• [THE TASK]: Copy every line below. Do not alter any of them.

• [GIVEN MATERIAL]:
Content starts

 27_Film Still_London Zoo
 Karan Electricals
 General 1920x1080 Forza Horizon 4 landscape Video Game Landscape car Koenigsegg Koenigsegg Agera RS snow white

Content ends

• [ANSWER FOR THE TASK]:
 27_Film Still_London Zoo
 Karan Electricals
 General 1920x1080 Forza Horizon 4 landscape Video Game Landscape car Koenigsegg Koenigsegg Agera RS snow white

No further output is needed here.